Однако в ту минуту люди были настолько потрясены пожаром, настолько подавлены и напуганы, что готовы были поверить в самое невероятное; все оцепенели и стали вслушиваться в нарастающий, приближающийся рокот тракторных моторов.
«Да неужели… Да быть того не может! С ума мы посходили, что ли? — думал Горчаков. Но тут же его мысли поворачивались и по–иному: — А кто мы, действительно, такие? Добро мы собой являем или зло?.. Спасители деревни или незаконные захватчики земли? Отрыжка старого, давно изжившего себя или зародыш нового, неведомого?.. А может, мы — как некая злокачественная опухоль на здоровом теле общества, и нас и впрямь нужно удалить?.. Чем объяснить это наше стремление непременно иметь клочок земли и поливать его своим потом?.. Может быть, это зов матери–земли? Может, мы ее блудные сыновья и теперь возвращаемся к ней, покаянно припадаем к ее груди? Может быть, прав Лаптев, и нам это возвращение, этот труд на земле и в самом деле необходим, как птице необходимы два крыла?..»

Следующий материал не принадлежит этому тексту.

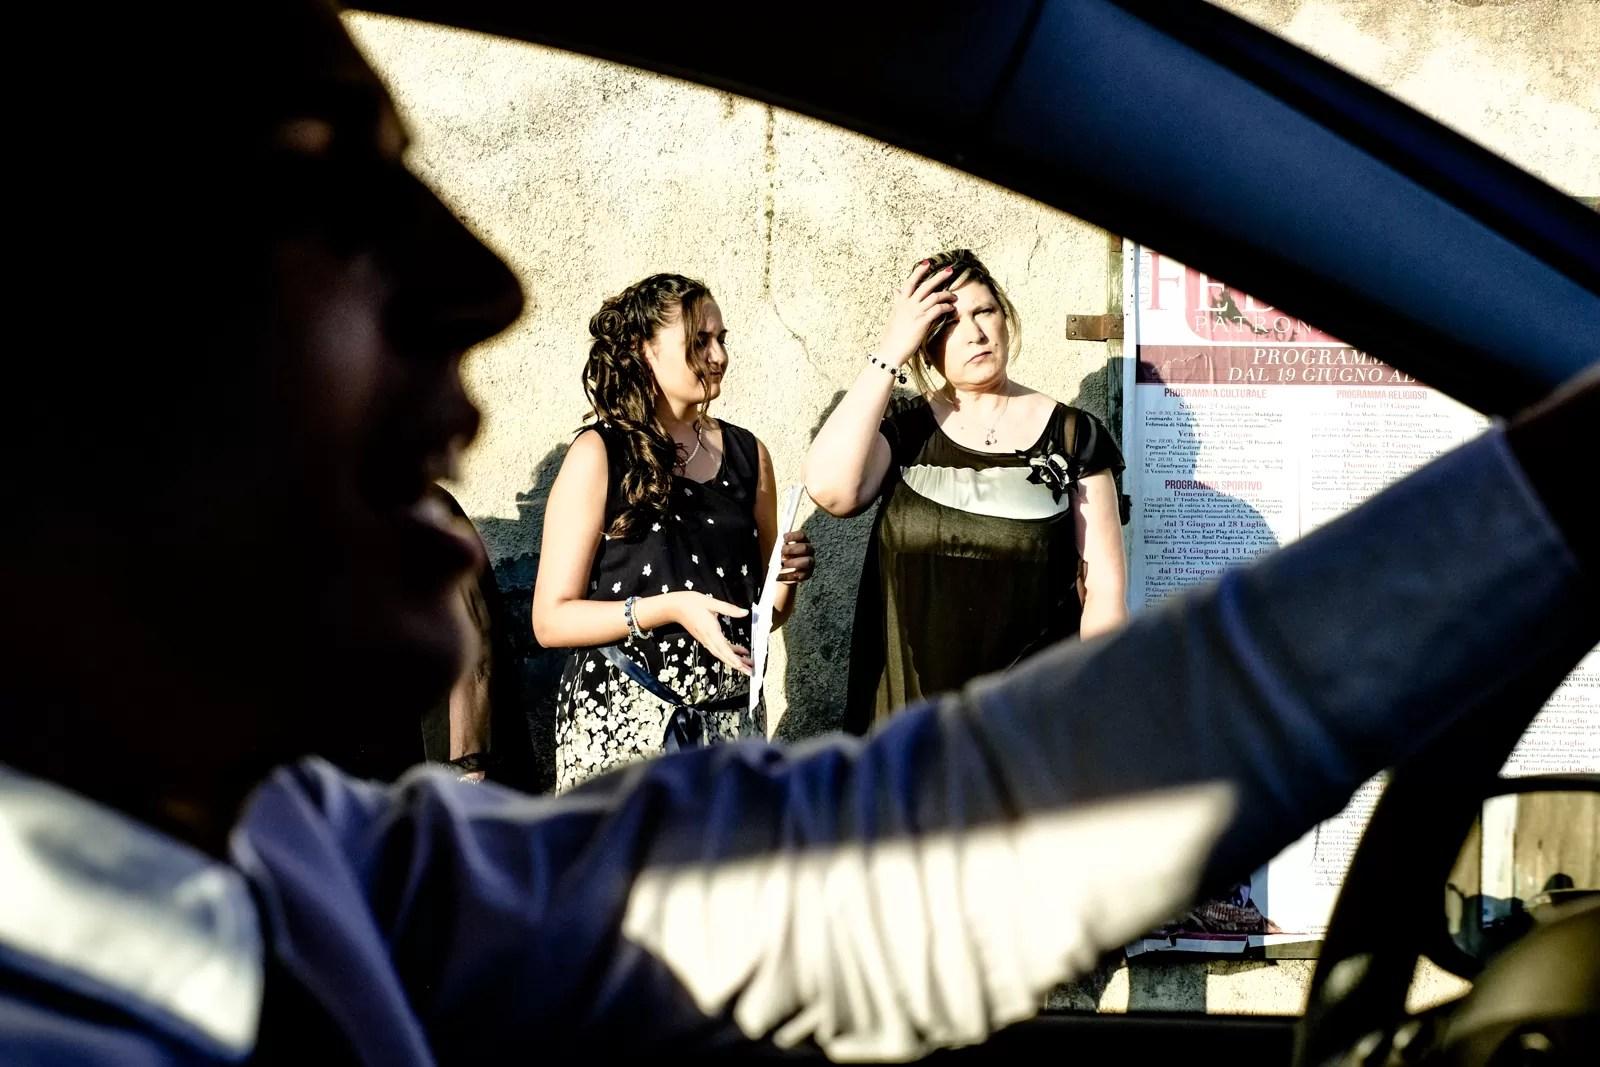 DSCF2280 - Composizione a livelli nella fotografia di strada - fotostreet.it

Горчаков оглядывался на Лаптева, на Витальку, на Парамона.
Виталька стоял понуро, будто разглядывал свои растоптанные грязные кирзачи, лицо у него было серое, перепачканное сажей, бледные губы шевелились; похоже, он бормотал ругательства.
Лаптев стоял весь подобранный, с отвердевшим лицом. «Снести деревню не дадим, — думал Лаптев, — это дурь. Но и навести порядок у себя мы обязаны. Немедля, сегодня же надо собрать всех жителей и решить вопрос объединения. Неважно — в садоводческий или дачный кооператив организуемся, в уличный ли комитет. Была бы у нас организация, было налажено ночное дежурство — разве допустили бы пожар?..»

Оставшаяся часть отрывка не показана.